By Christian Moess Laursen


Shell expects to book up to $2 billion in post-tax impairments, denting second-quarter profits, while trading in its core gas division is set to fall on quarter.

The British energy giant said Friday that it expects to book an impairment after tax of between $1.5 billion and $2.0 billion due to halting construction of its biofuels facility in Rotterdam, Netherlands, announced on Wednesday, as well as the divestment of its chemicals plant in Singapore.

In addition, Europe's largest energy company expects trading results from its core integrated-gas segment to be lower than in the first quarter, when the unit booked $3.68 billion in adjusted earnings, due to seasonality.

However, it expects the unit's results to match those of the second quarter last year, when it booked $2.5 billion in adjusted earnings--a metric that strips certain commodity price adjustments and one-time charges.

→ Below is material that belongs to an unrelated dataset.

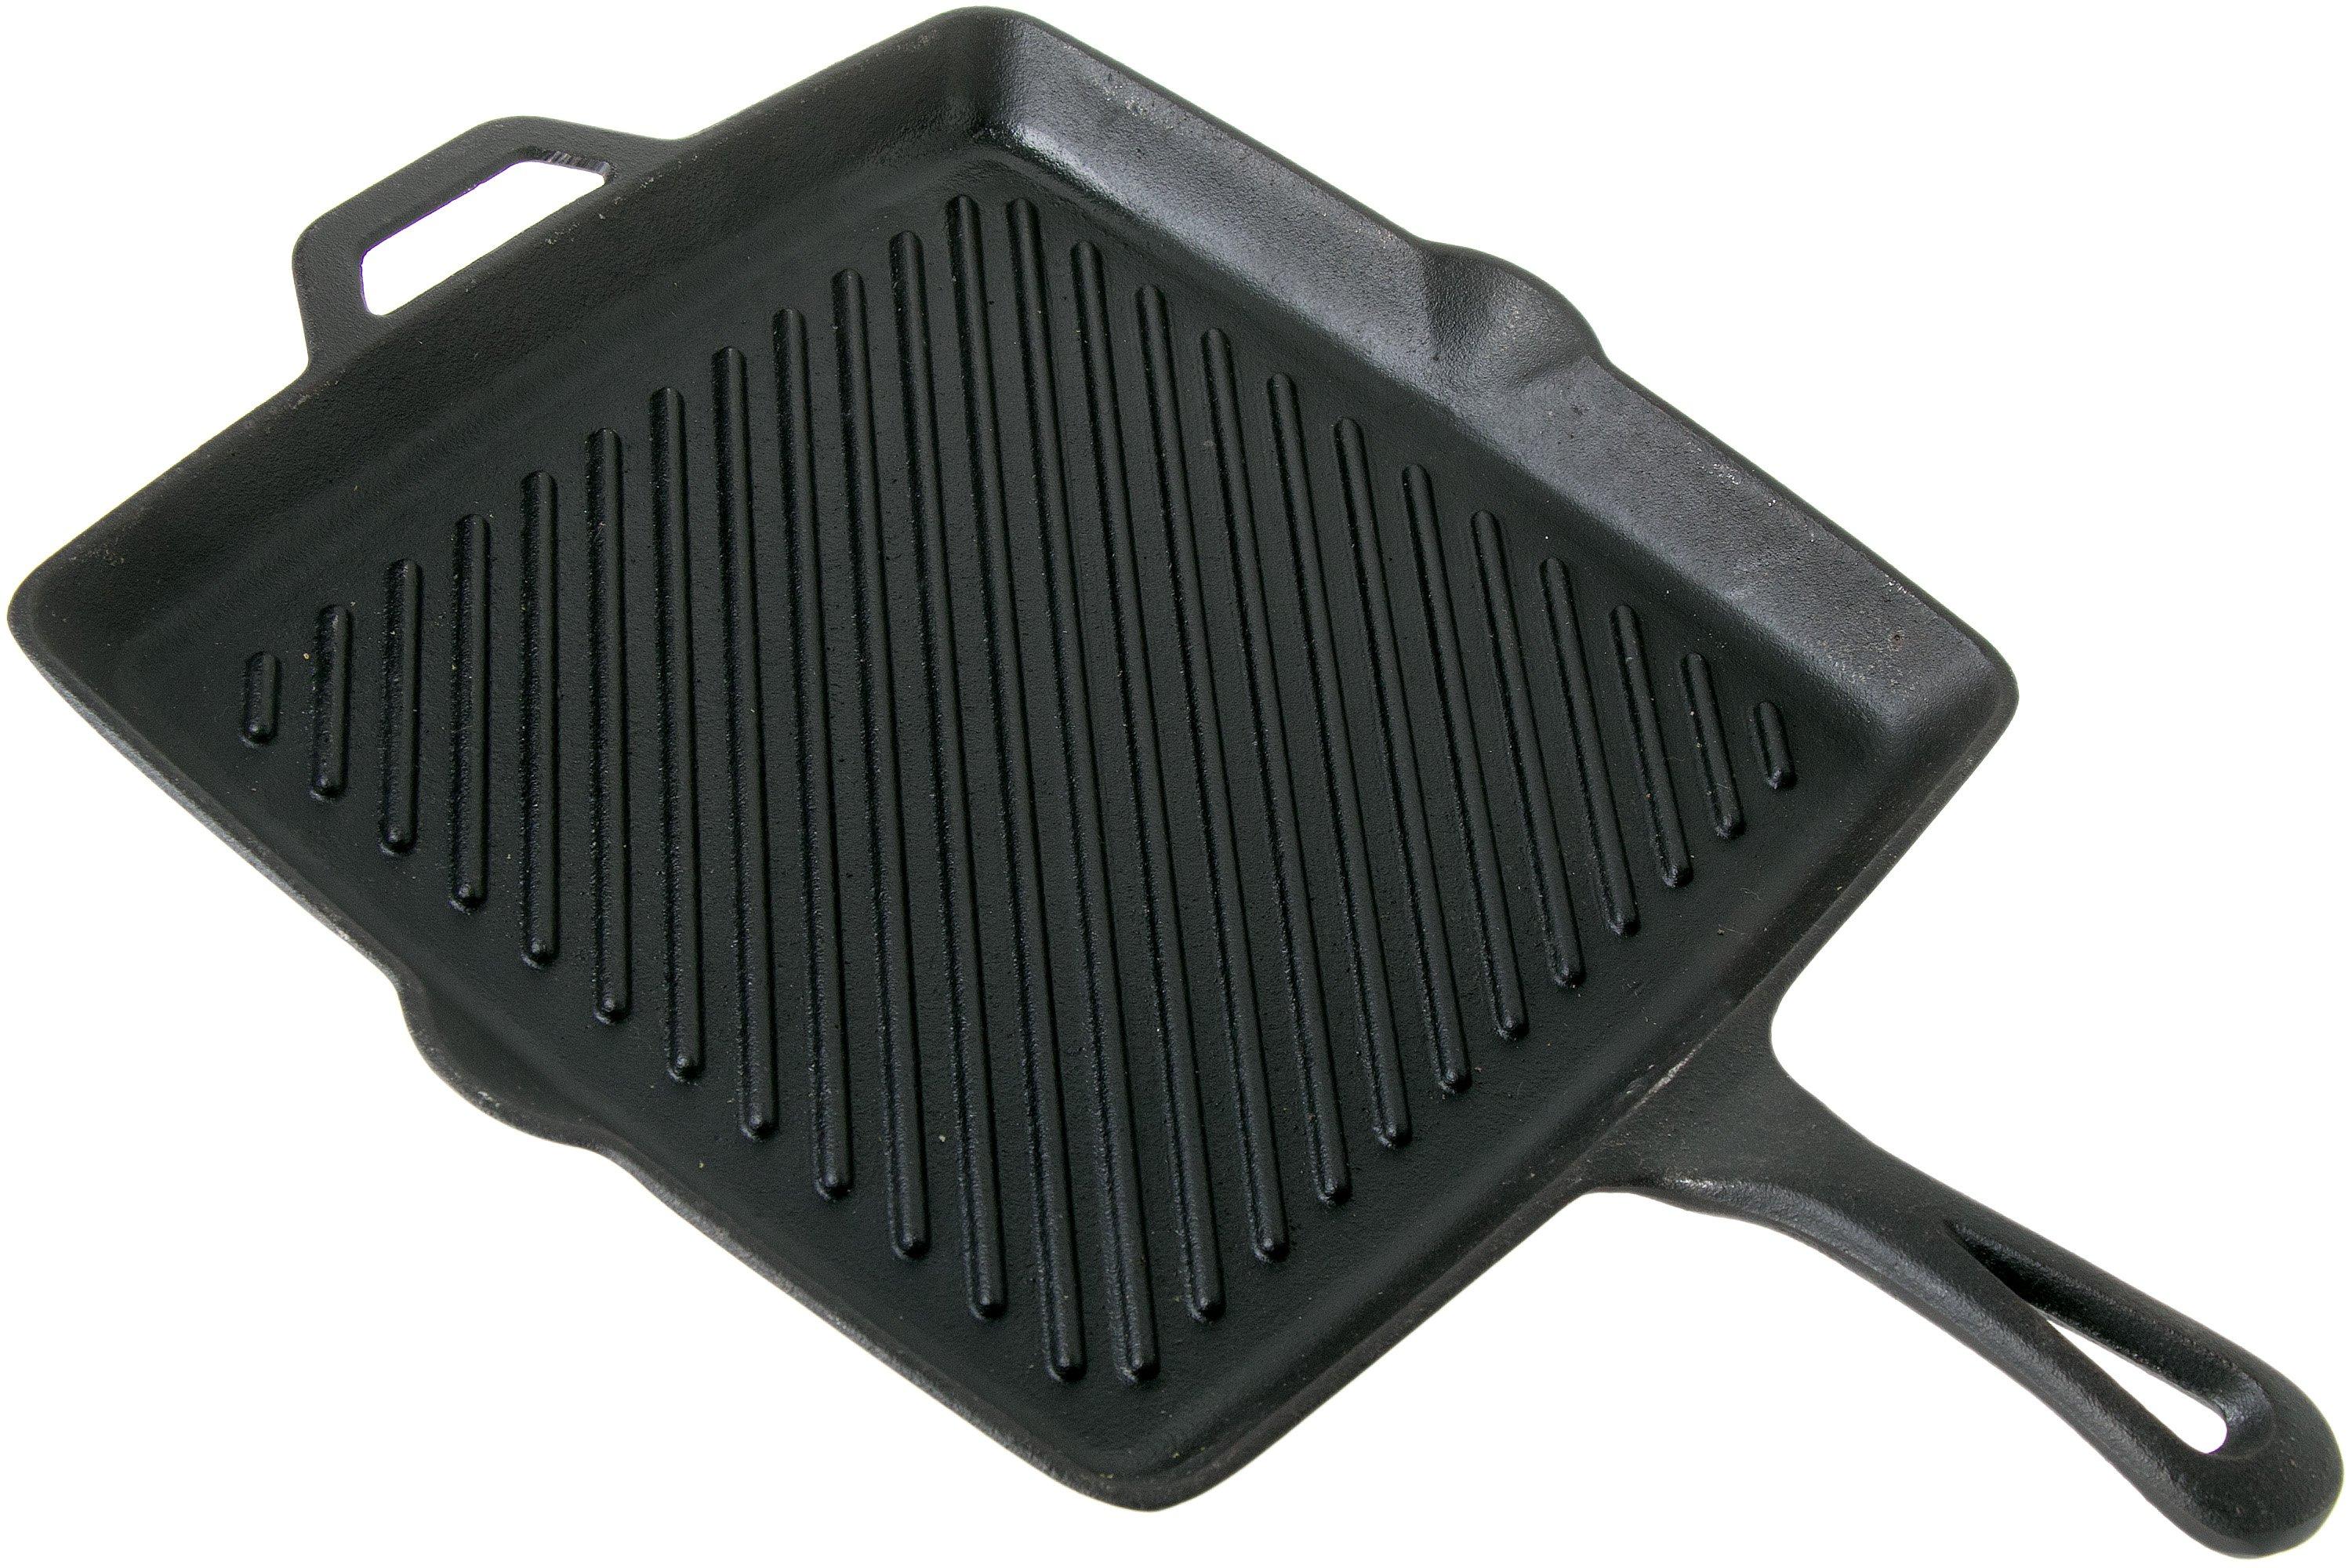 Camp Chef SK8, 8” Skillet, frying pan 20 cm

It also narrowed the segment's liquids and natural-gas production outlook slightly upward to 940,000 to 980,000 oil-equivalent barrels a day for the quarter, from its previously guided range of 920,000 to 980,000 BOE a day, ahead of its results announcement next month.

Shell, the world's largest liquefied natural-gas trader, expects its quarterly LNG volumes to be between 6.8 million and 7.2 million metric tons, compared with the prior-year's 7.2 million tons.

This would mean a decline from the first quarter's 7.6 million tons. However, gas prices in Europe have rallied in recent months on strong demand in Asia amid heat waves and outages limiting supply, potentially providing a boon to Shell's quarterly results.

On the upstream side--the extraction of crude oil and natural gas--Shell is expecting the unit to produce between 1.72 million and 1.82 million BOE a day ready for sale, versus 1.70 million a year prior and 1.87 million in the first quarter. In the first quarter, the segment garnered $1.93 billion in adjusted earnings.

Additionally, the FTSE 100-listed company said its quarterly trading results from both the chemicals and products segment and its marketing segment--which includes electric-vehicle charging, wholesale commercial fuels and lubricants businesses--are expected to be in line with first-quarter results.

Its quarterly results are scheduled to be published on Aug. 1.